### DATA EXCERPT

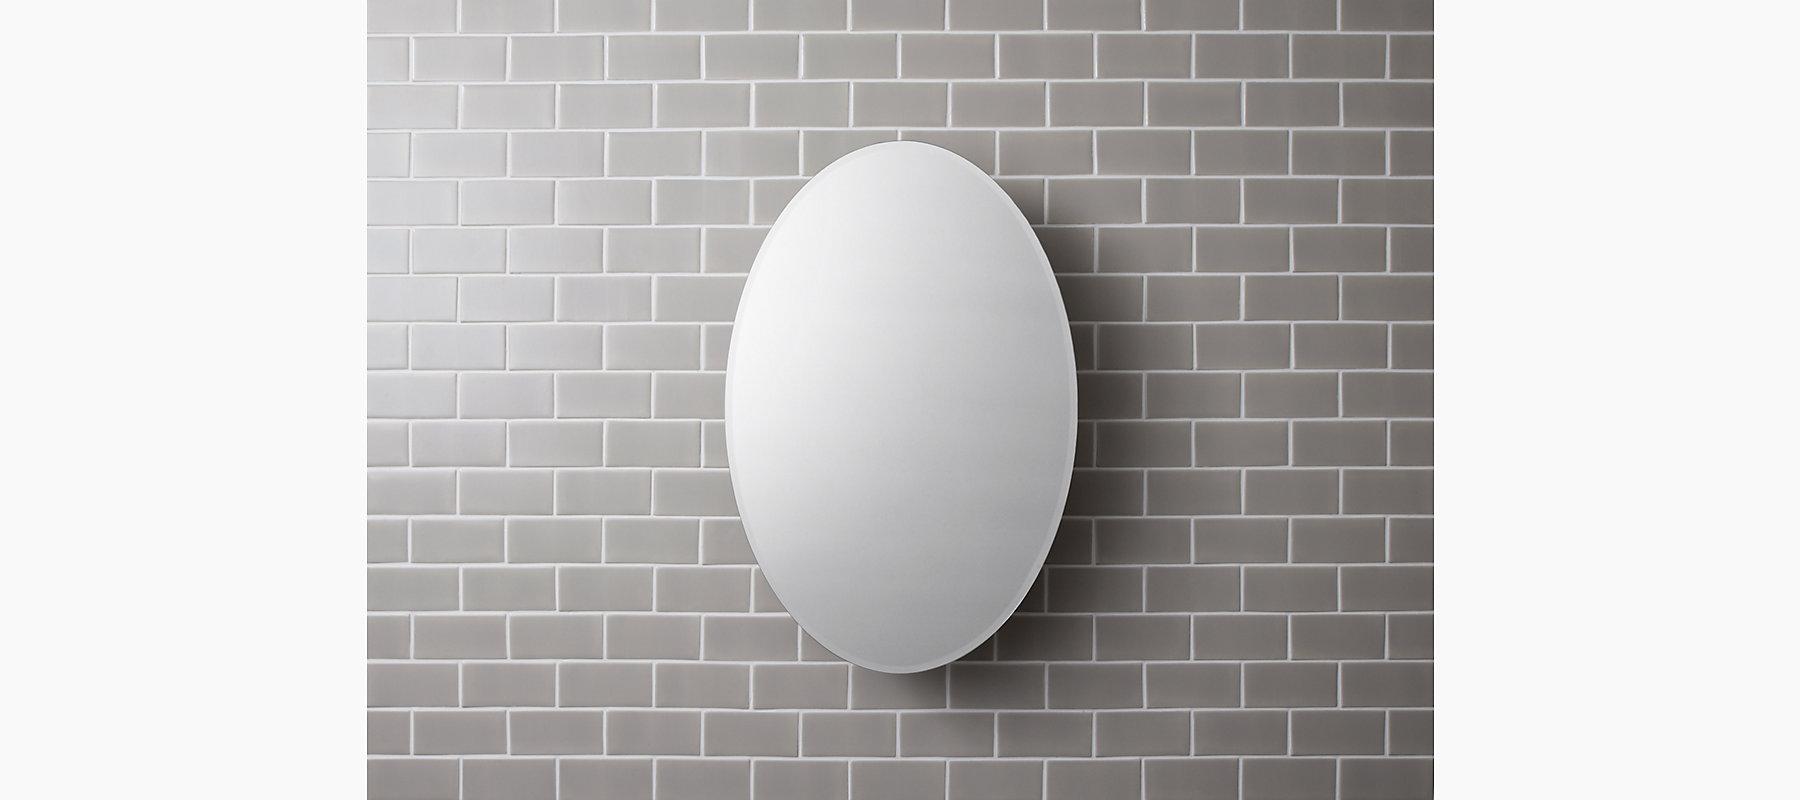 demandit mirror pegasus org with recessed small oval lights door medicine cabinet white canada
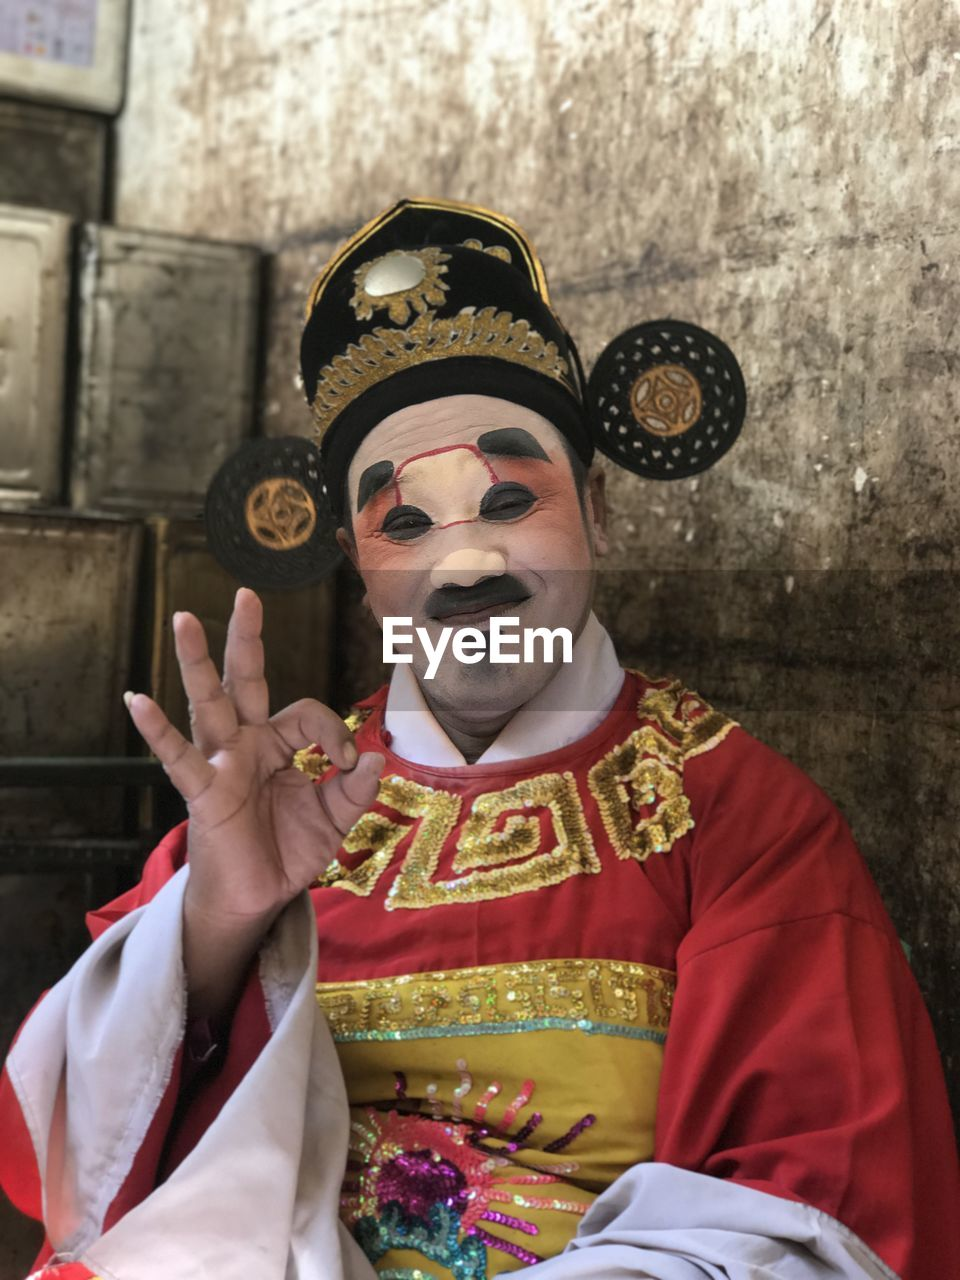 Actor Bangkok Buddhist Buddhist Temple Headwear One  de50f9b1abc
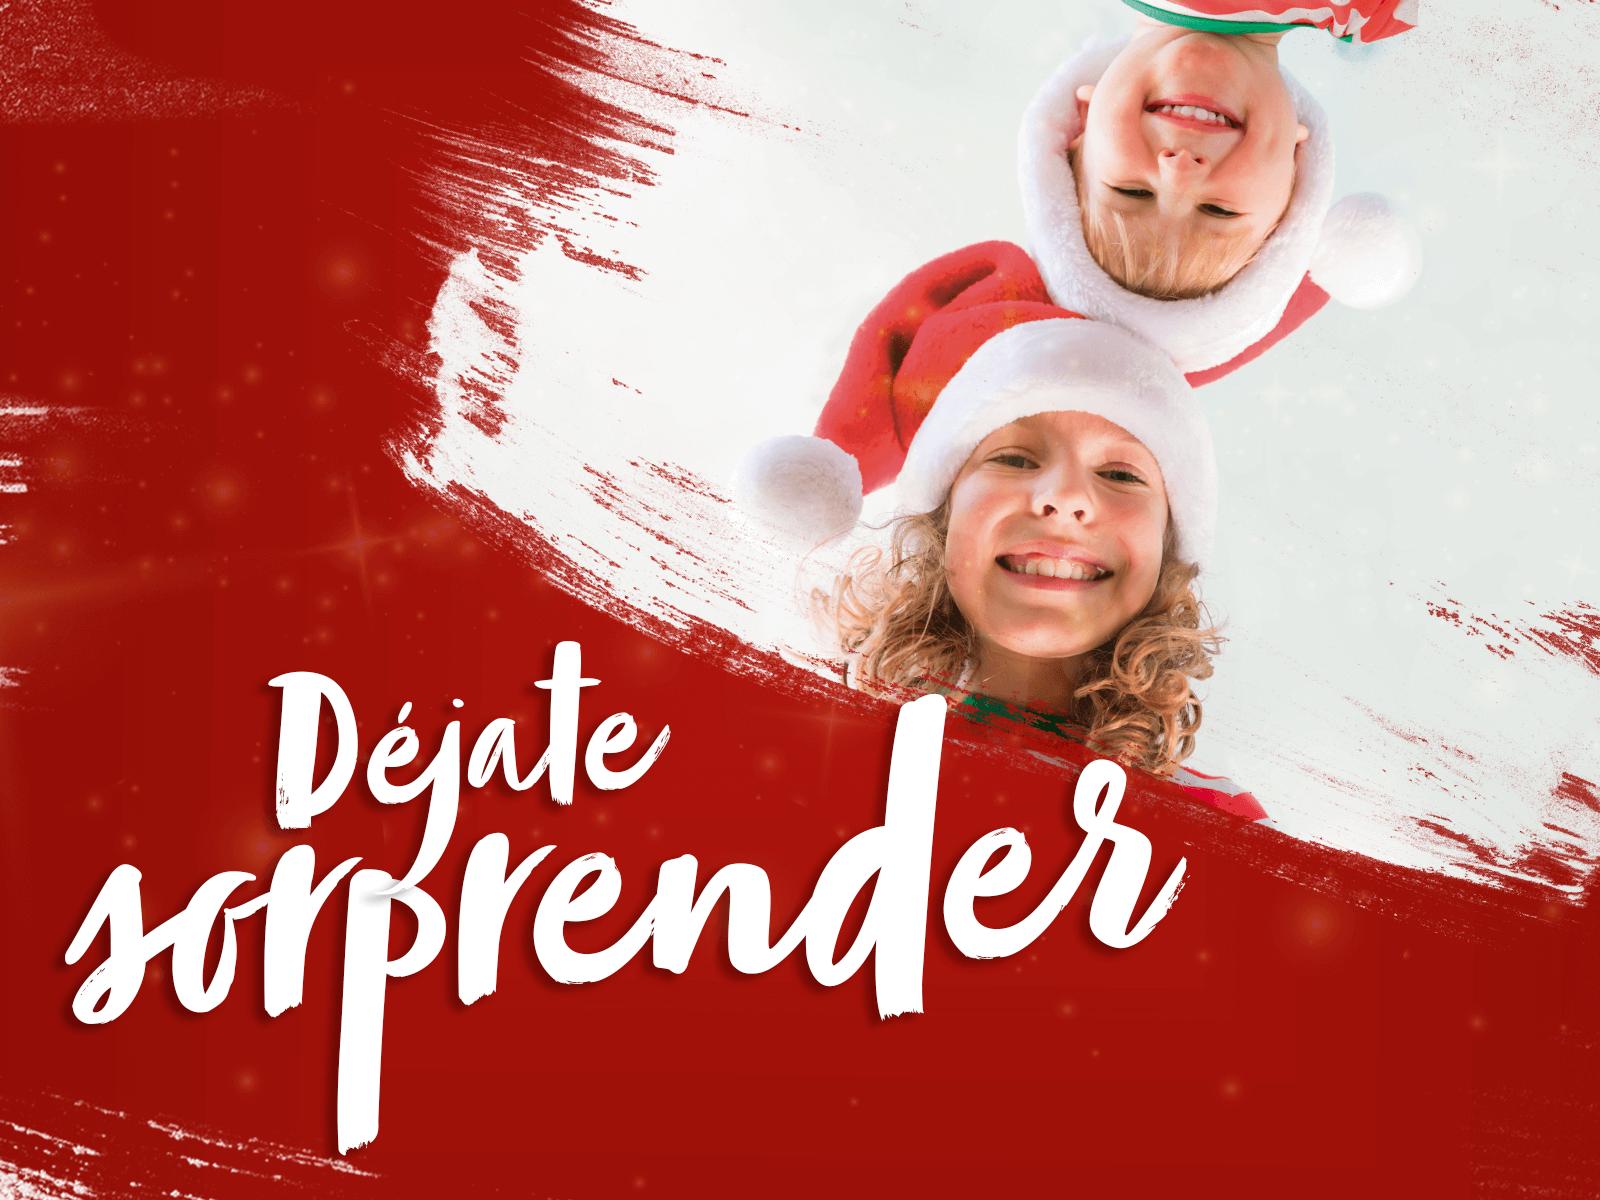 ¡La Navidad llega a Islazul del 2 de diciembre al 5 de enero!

######

TASK: When you write out the material, keep every line exact and leave out each picture.

RESULT BELOW:
 demandit mirror pegasus org with recessed small oval lights door medicine cabinet white canada
 Actor Bangkok Buddhist Buddhist Temple Headwear One  de50f9b1abc
 ¡La Navidad llega a Islazul del 2 de diciembre al 5 de enero!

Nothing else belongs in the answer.